(TASK INSTRUCTIONS): With the pictures left out, copy the listing below exactly.

(GIVEN INFORMATION):
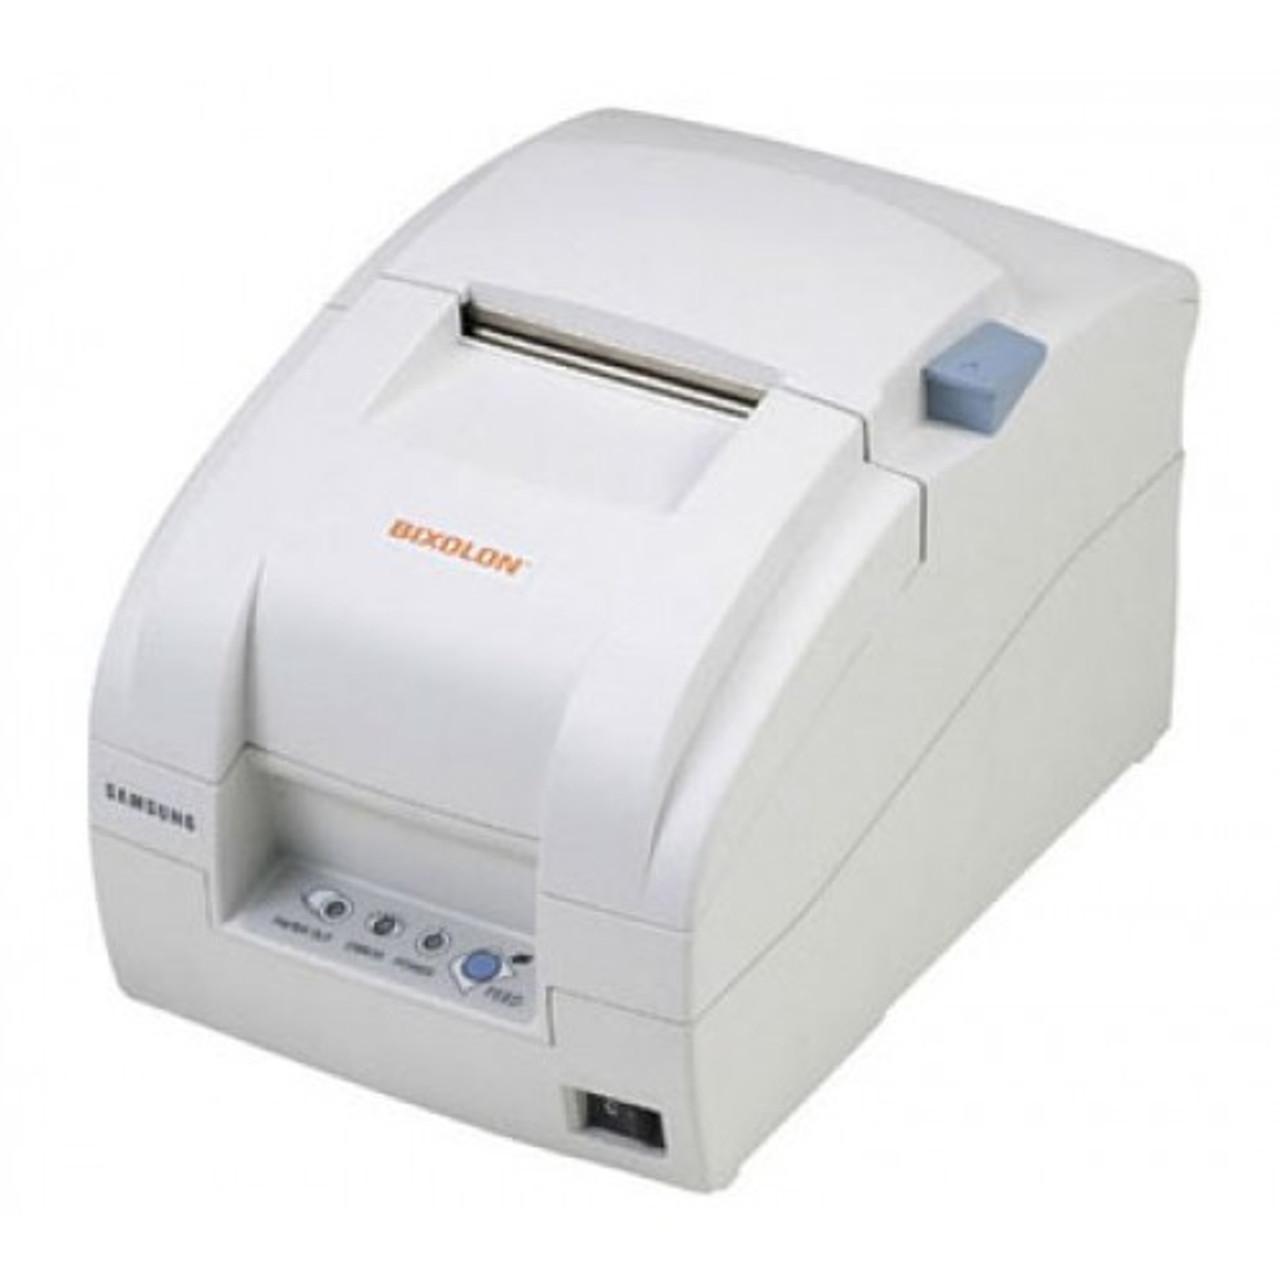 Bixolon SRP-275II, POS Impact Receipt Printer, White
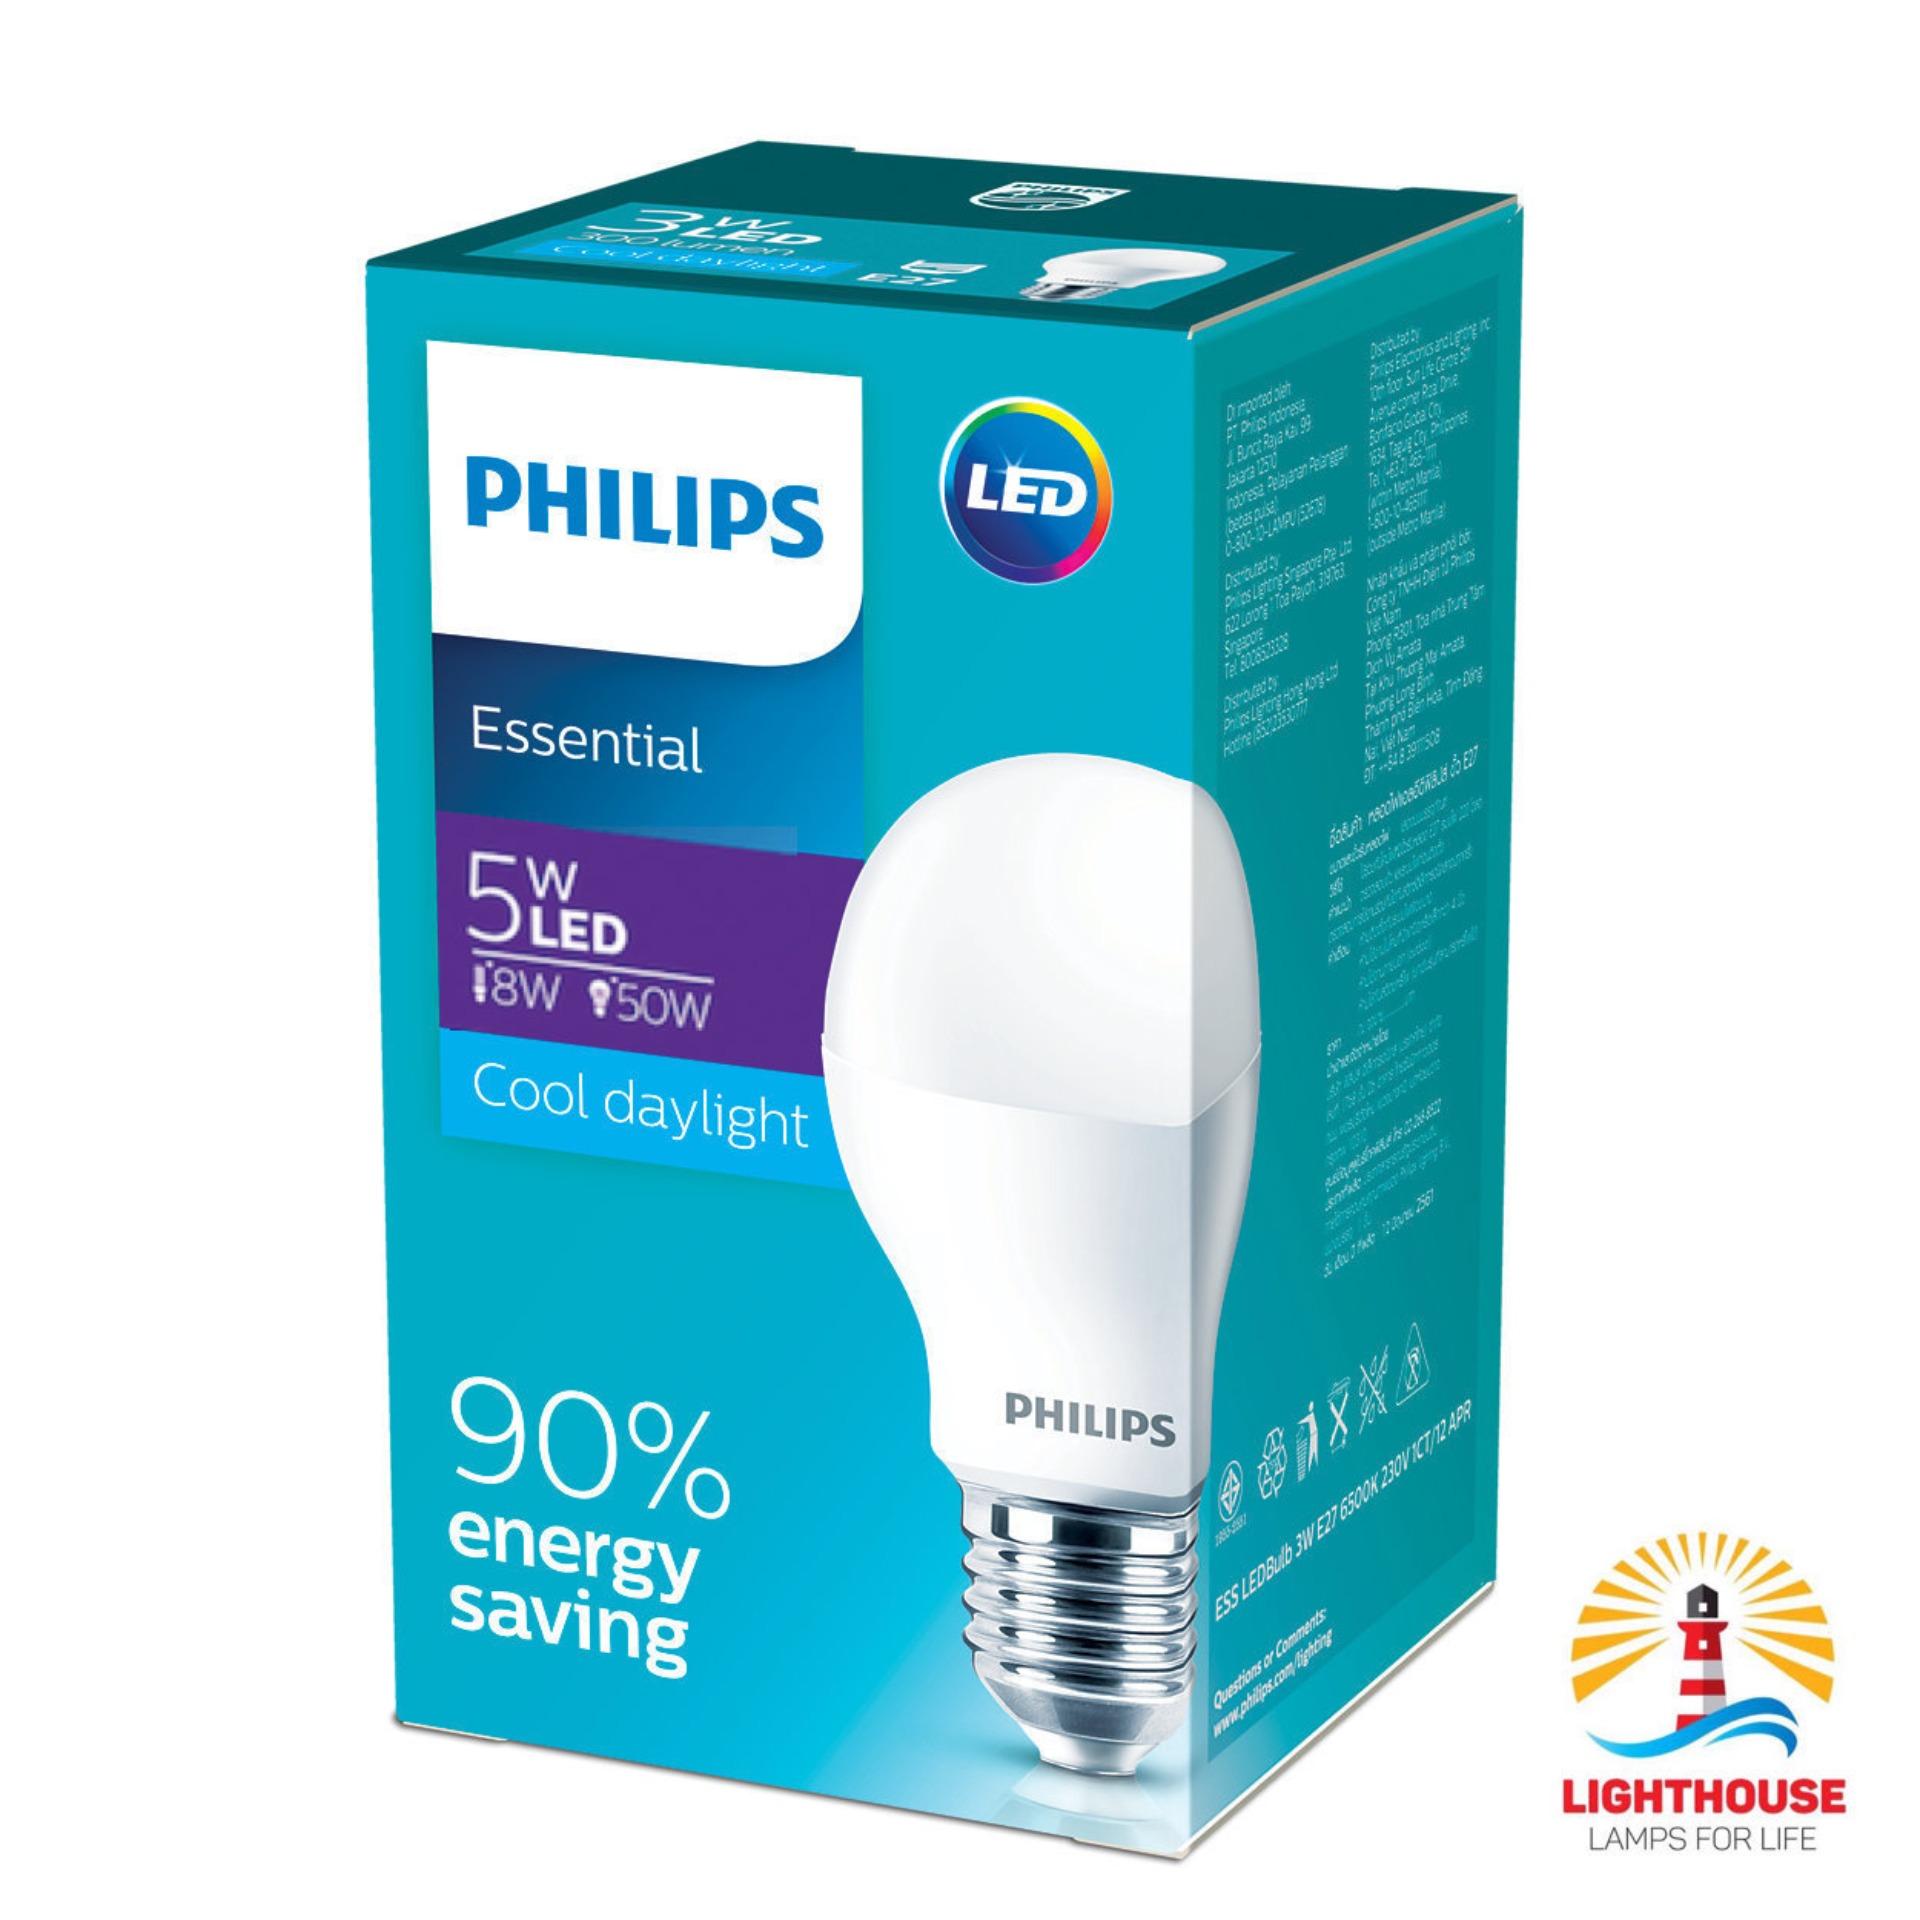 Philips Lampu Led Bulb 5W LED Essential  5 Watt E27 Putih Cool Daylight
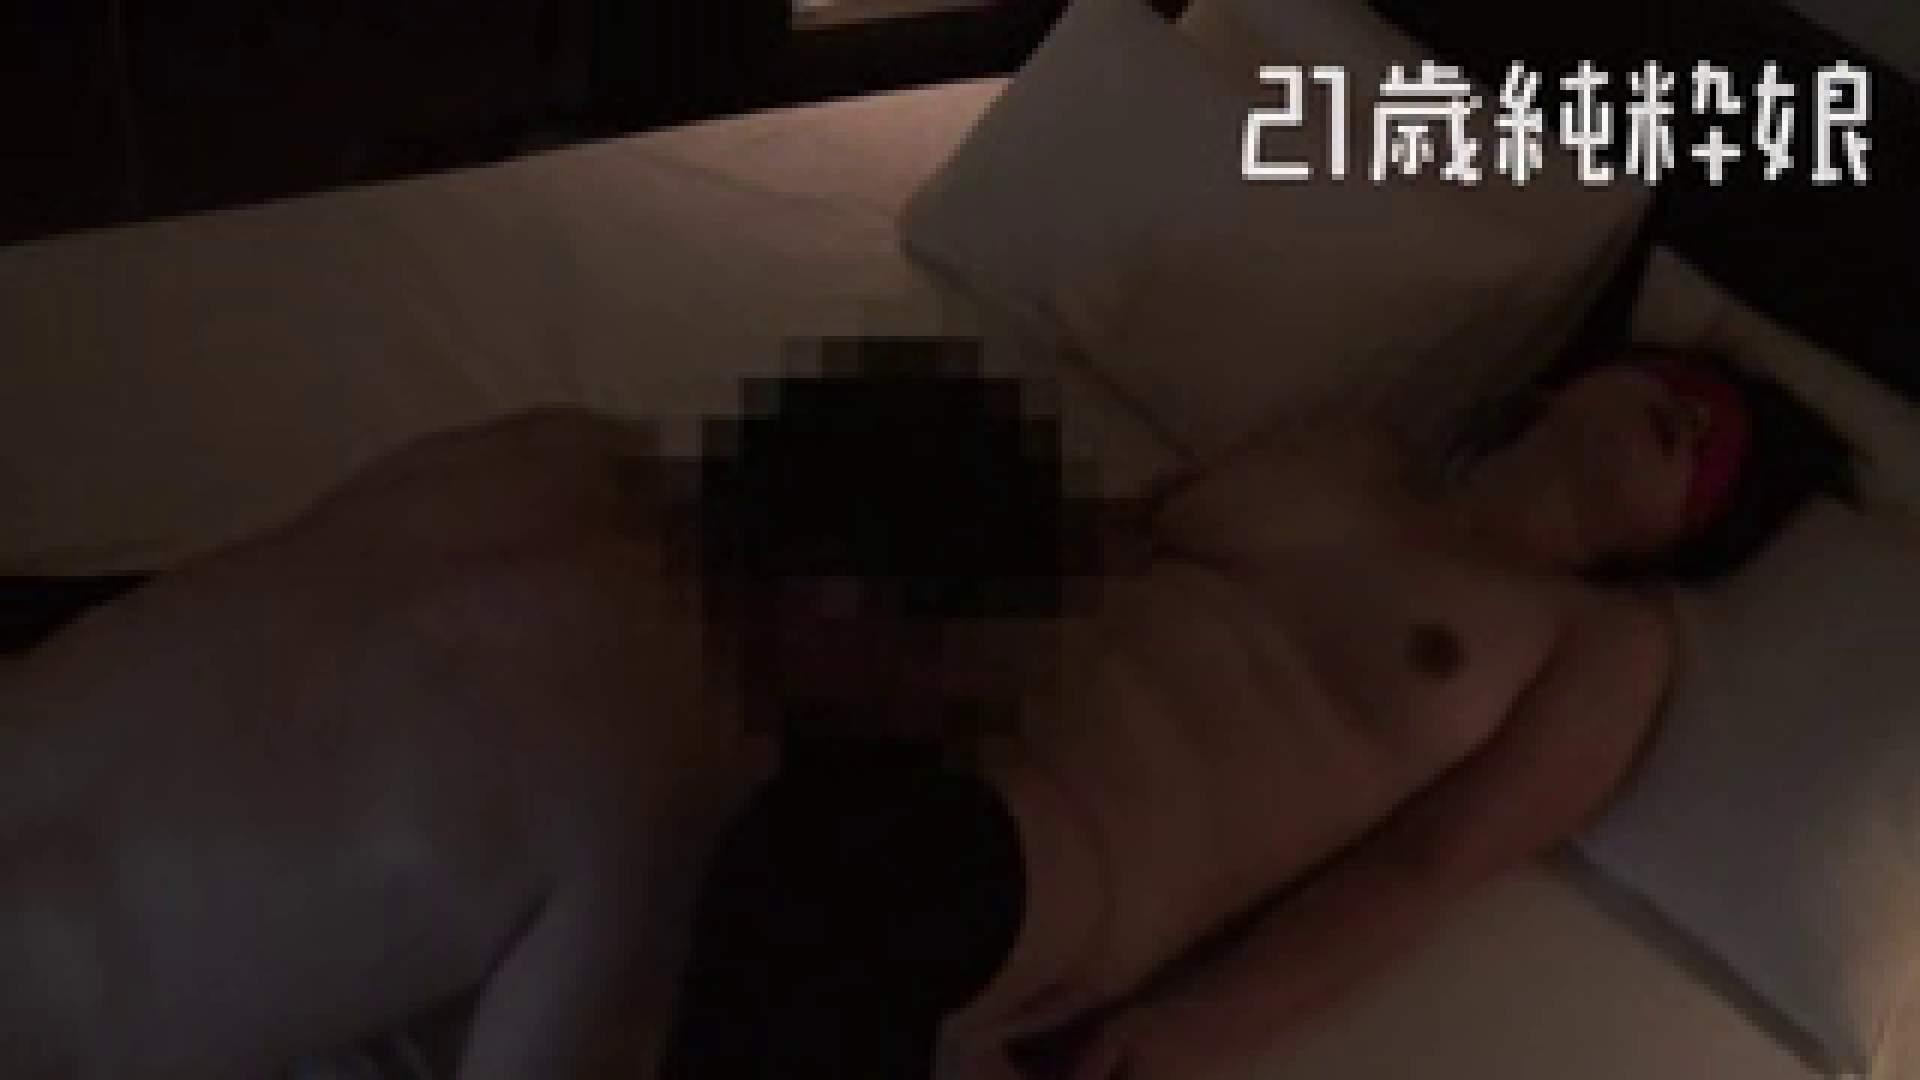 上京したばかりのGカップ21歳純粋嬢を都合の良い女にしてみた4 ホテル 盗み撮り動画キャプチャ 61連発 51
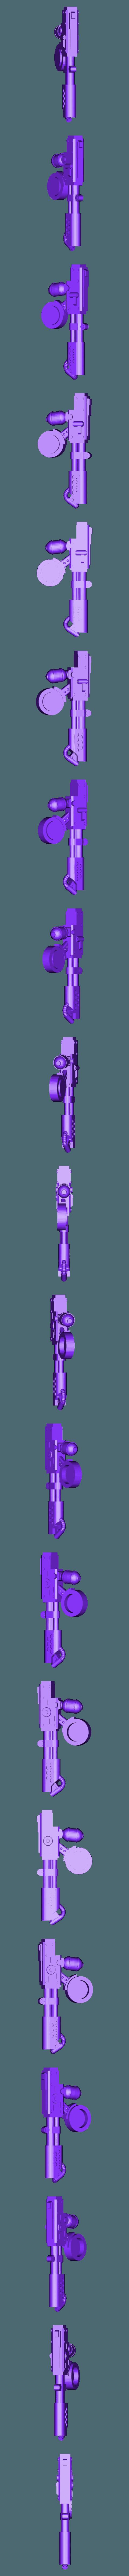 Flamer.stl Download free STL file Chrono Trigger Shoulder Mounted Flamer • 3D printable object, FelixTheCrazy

(TASK RESPONSE):
 Bixolon SRP-275II, POS Impact Receipt Printer, White
 Philips Lampu Led Bulb 5W LED Essential  5 Watt E27 Putih Cool Daylight
 上京したばかりのGカップ21歳純粋嬢を都合の良い女にしてみた4 ホテル 盗み撮り動画キャプチャ 61連発 51
 Flamer.stl Download free STL file Chrono Trigger Shoulder Mounted Flamer • 3D printable object, FelixTheCrazy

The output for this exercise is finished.